(Task inputs begins)

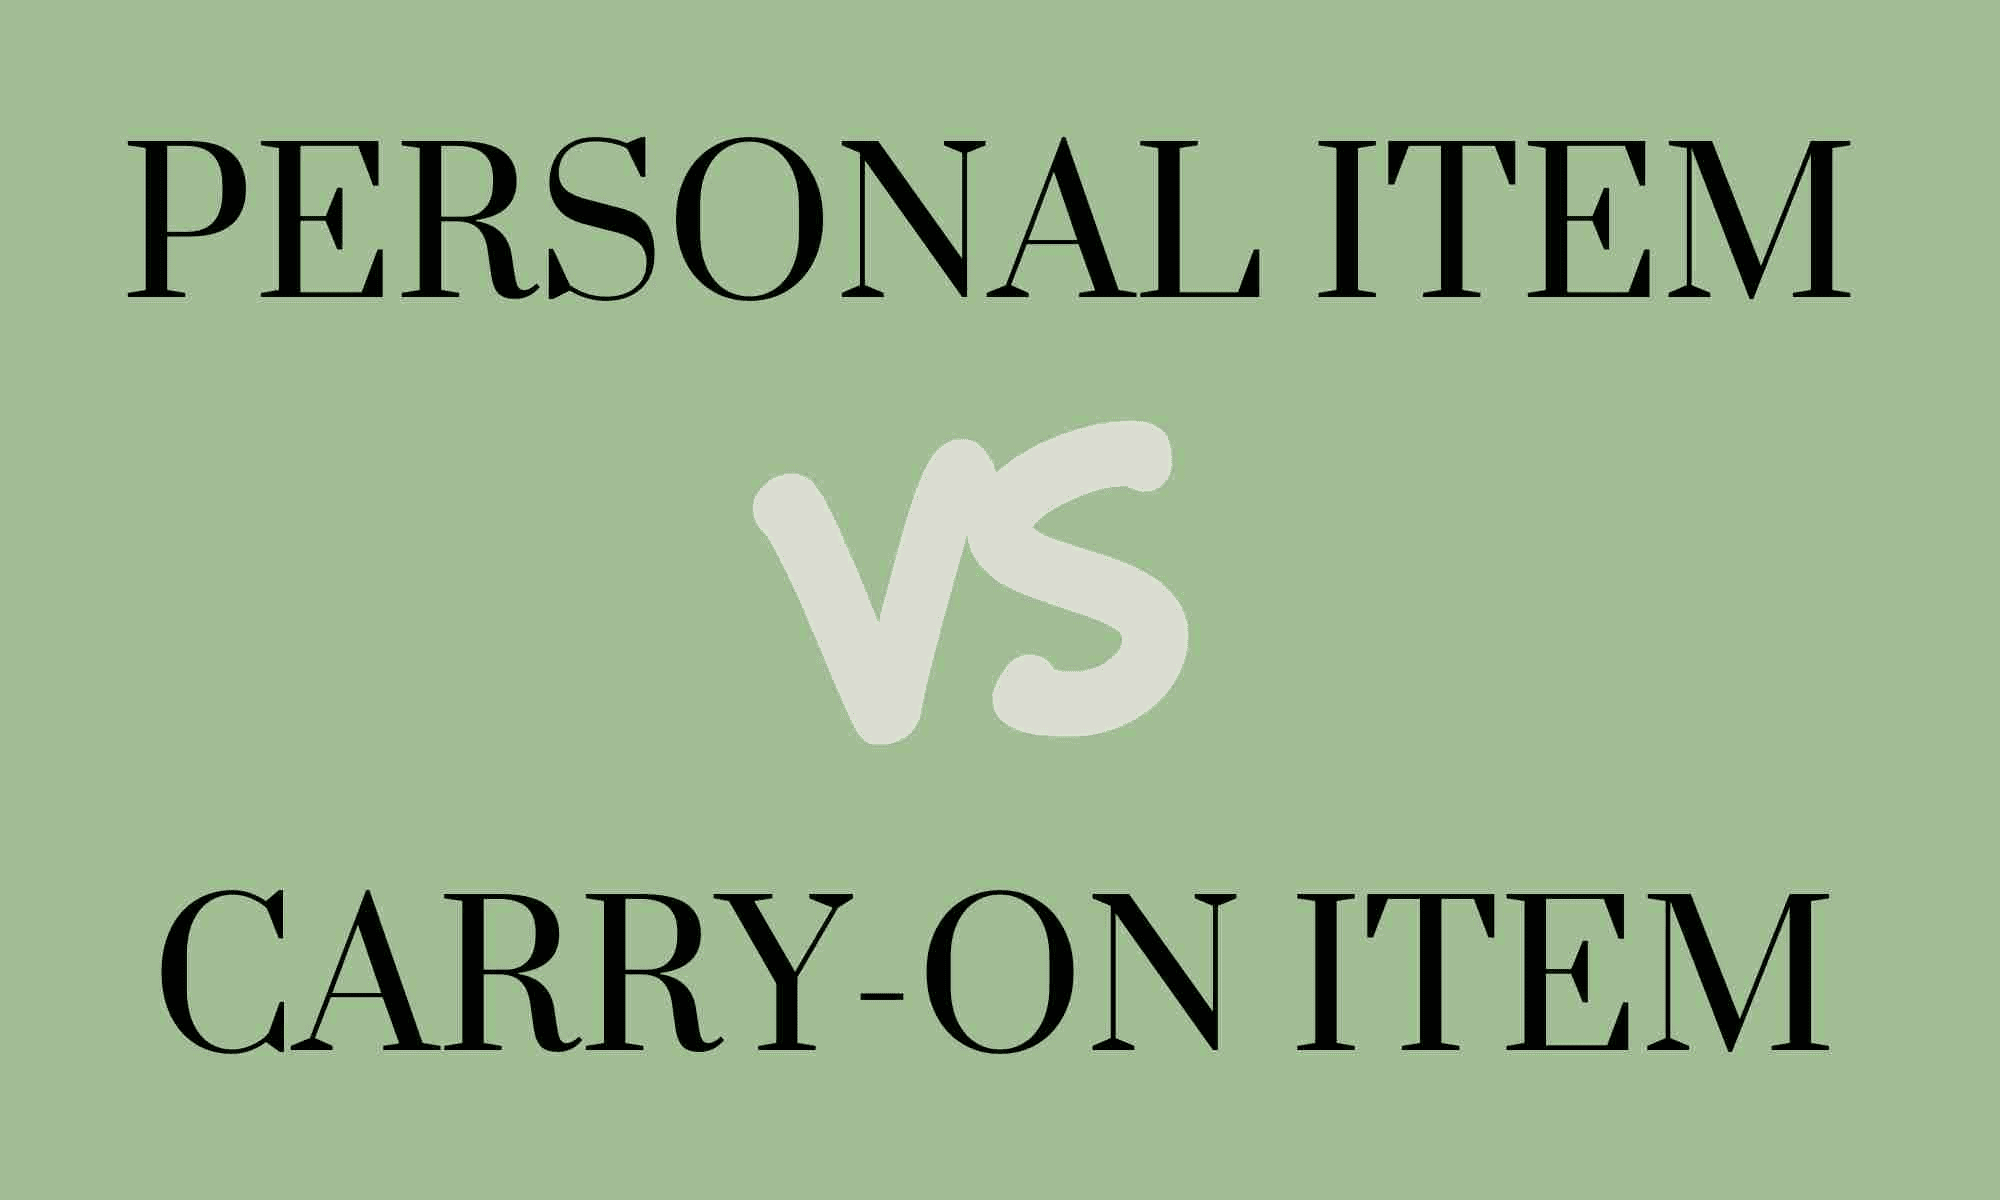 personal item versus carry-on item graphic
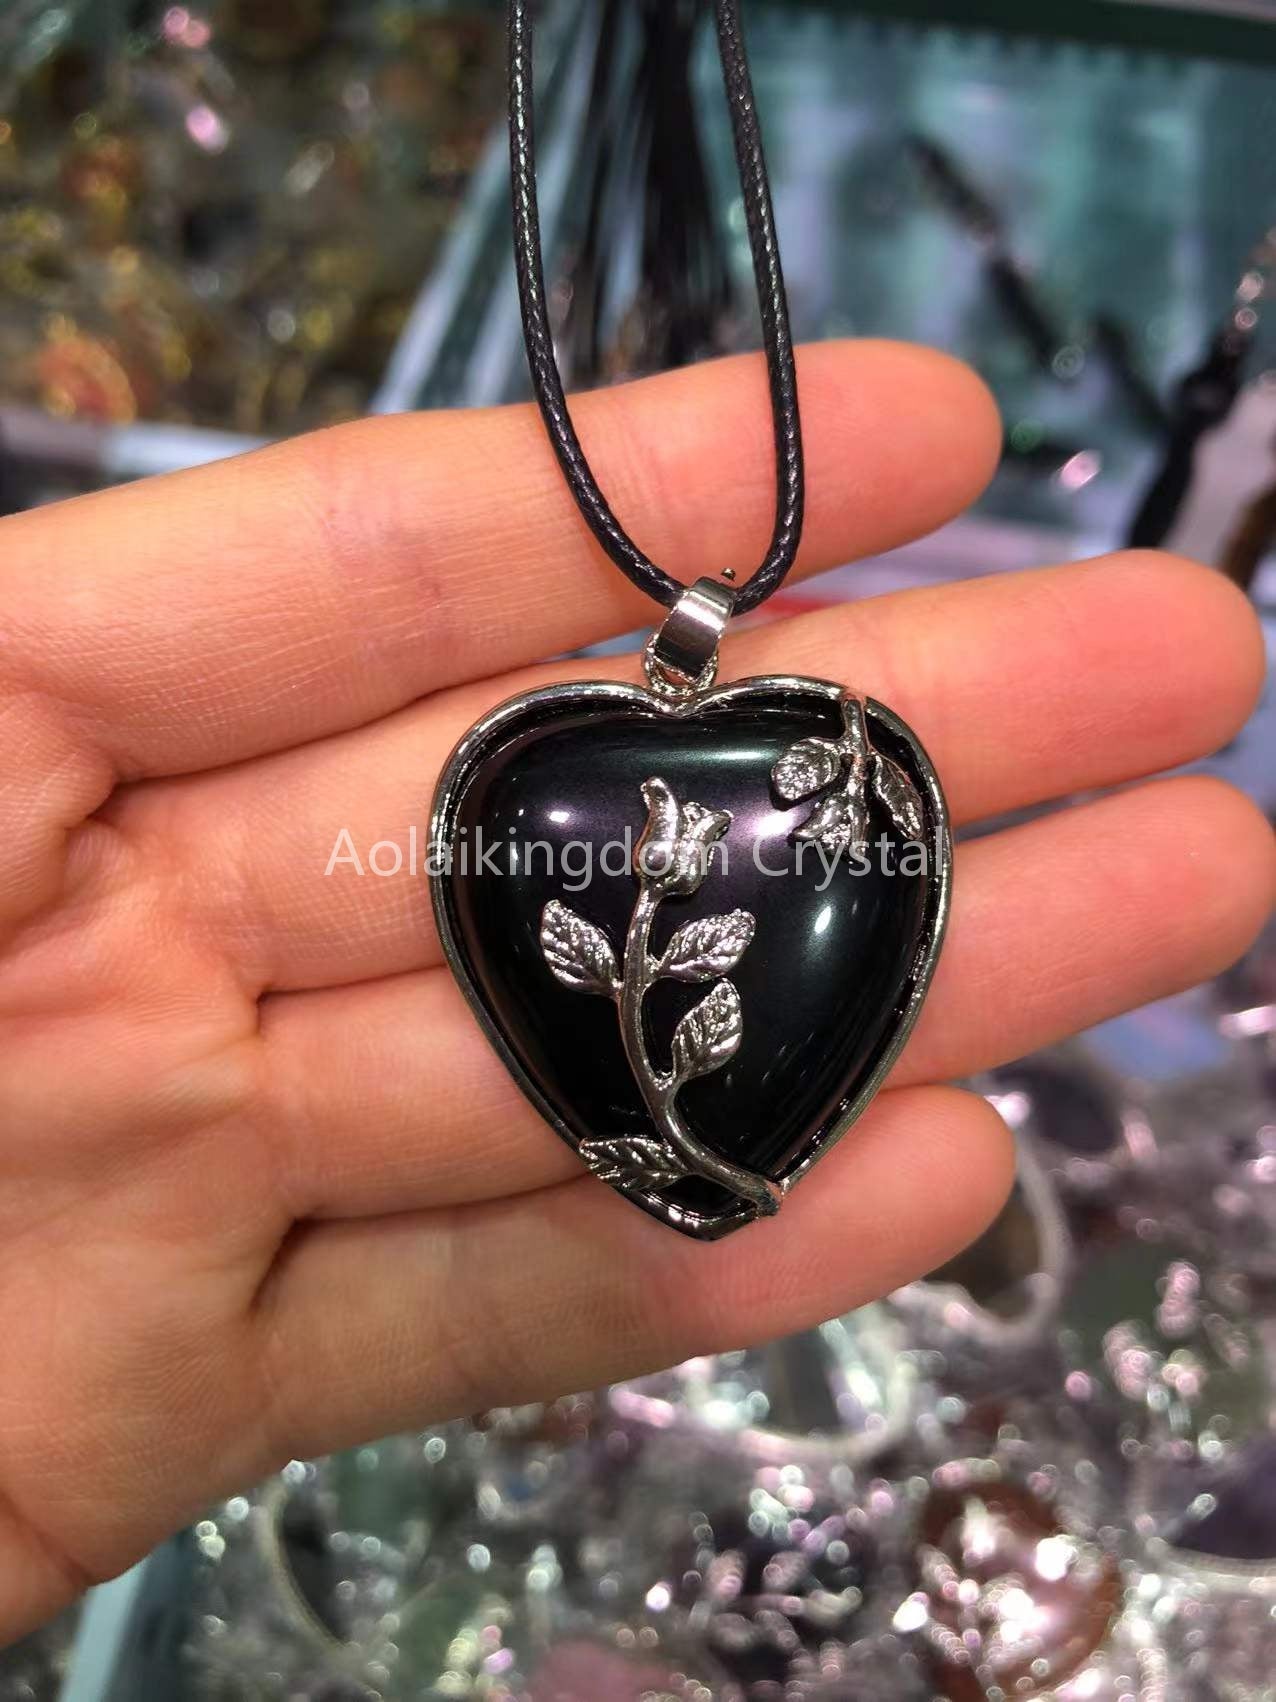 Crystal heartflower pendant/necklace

(Task inputs ends)
(Task inputs begins)

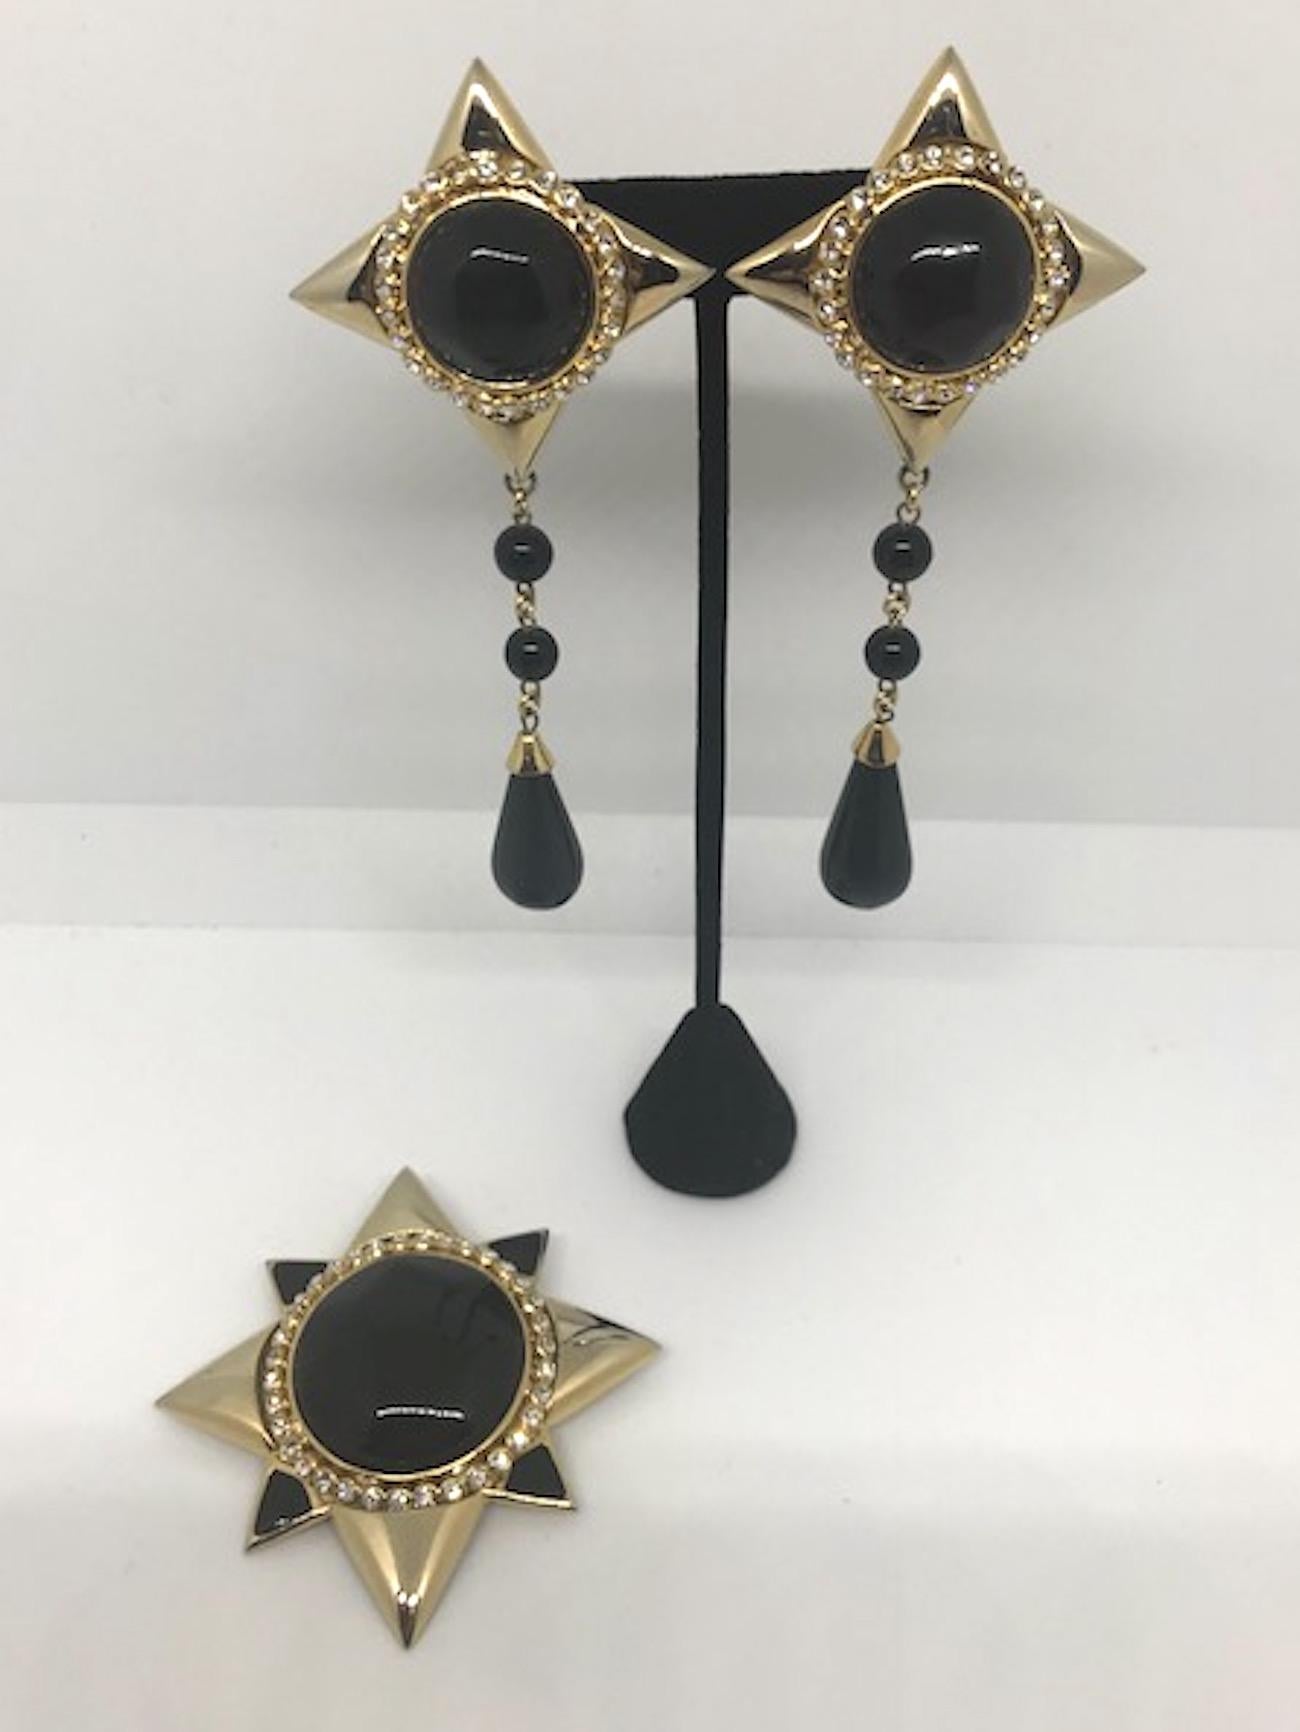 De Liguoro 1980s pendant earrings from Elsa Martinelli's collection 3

(Task inputs ends)
(Task inputs begins)

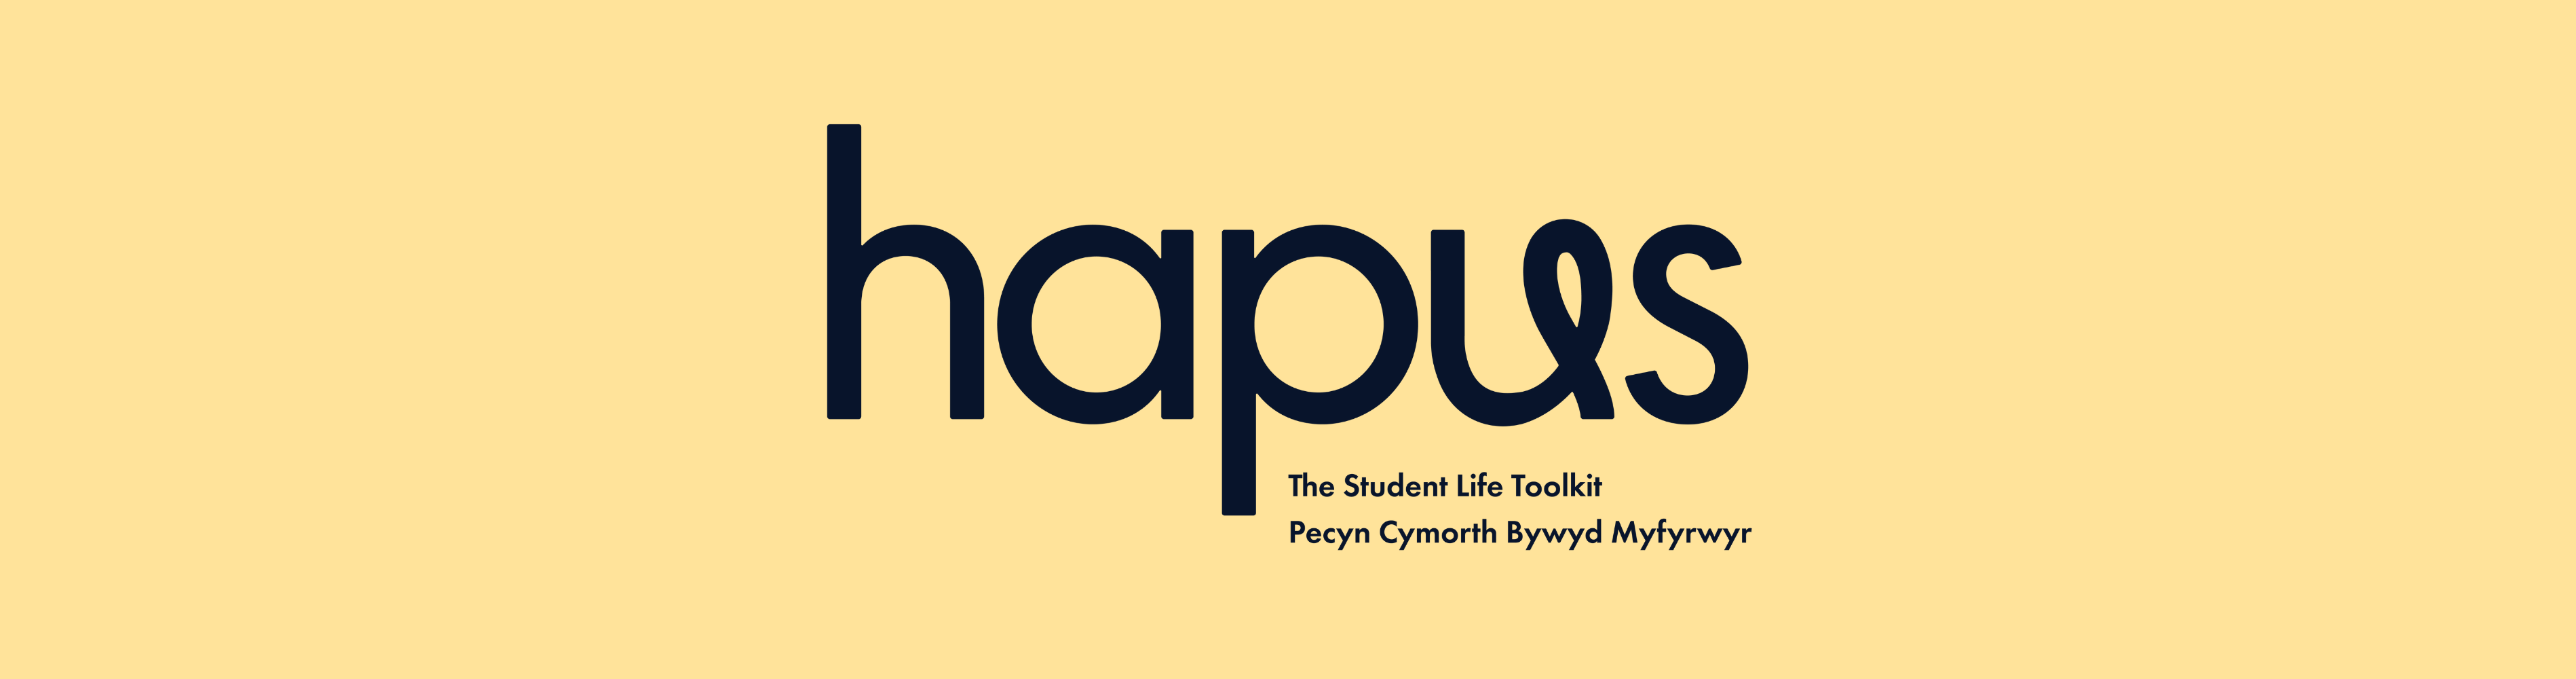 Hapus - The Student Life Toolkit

(Task inputs ends)

Within the material above, find the part that opens with the line containing "personal item versus carry-on item graphic" and closes with the line containing "Crystal heartflower pendant/necklace", and reproduce it exactly without the pictures.

▶ [Response]:
 personal item versus carry-on item graphic
 Crystal heartflower pendant/necklace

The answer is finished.